Conference Coverage

How to direct refer for GI endoscopy



– Rheumatologists can save their patients time and the inconvenience of an unnecessary preprocedural office visit with a gastroenterologist by making a direct referral for GI endoscopy when appropriate, according to Uma Mahadevan, MD, professor of medicine at the University of California, San Francisco.

“Many health systems have access issues, and in most accountable care organizations, there’s a need to see patients within 14 days. It’s often easier to direct refer for the endoscopic procedure you want than it is to get an office visit and then the procedure,” the gastroenterologist explained at the 2018 Rheumatology Winter Clinical Symposium.

Dr. Uma Mahadevan Bruce Jancin/Frontline Medical News

Dr. Uma Mahadevan

There is, however, a right way and a wrong way to make a direct referral for GI endoscopy.

“We’re an open-access endoscopy center at UCSF, and I can’t tell you how many times a patient gets direct referred to us and – the night before the procedure, when we’re preparing for the case – we see that this patient can’t have a procedure tomorrow. Those patients have already done the bowel prep, they’re taking the day off work, they’ve arranged for someone to drive them, and they’re really mad,” said Dr. Mahadevan, who is also the medical director of the UCSF Center for Colitis and Crohn’s Disease.

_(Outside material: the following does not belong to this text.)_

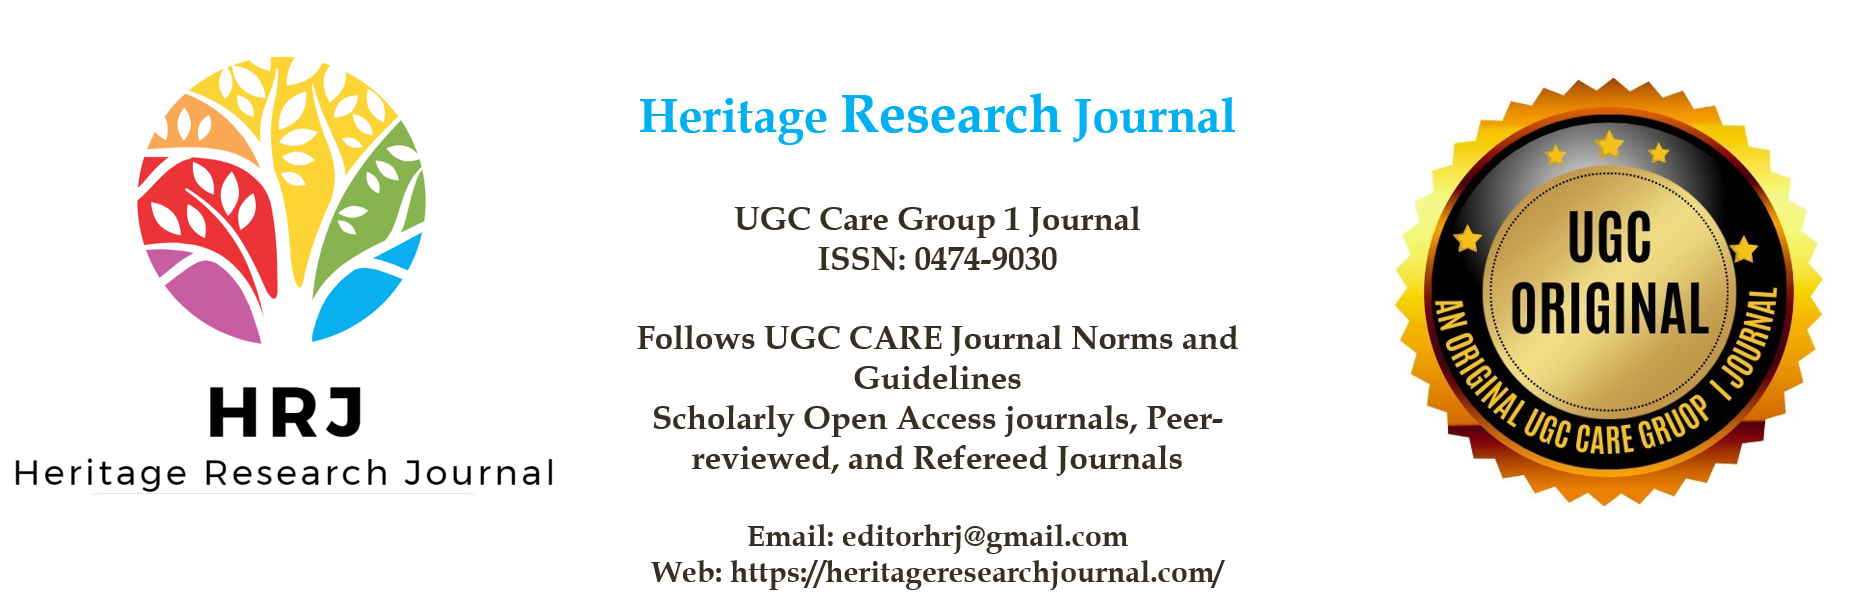 Heritage Research Journal

Sometimes the procedure gets called off because the gastroenterologist sees that it would be inappropriate. For example, it would be inappropriate to perform an endoscopy on a patient with irritable bowel syndrome or fibromyalgia who has already had three negative endoscopic procedures in the past 5 years; alternatively, a screening colonoscopy would be inappropriate for an 80-year-old because the U.S. Preventive Services Task Force gives a class A recommendation for screening colonoscopy only during ages 50-75 years.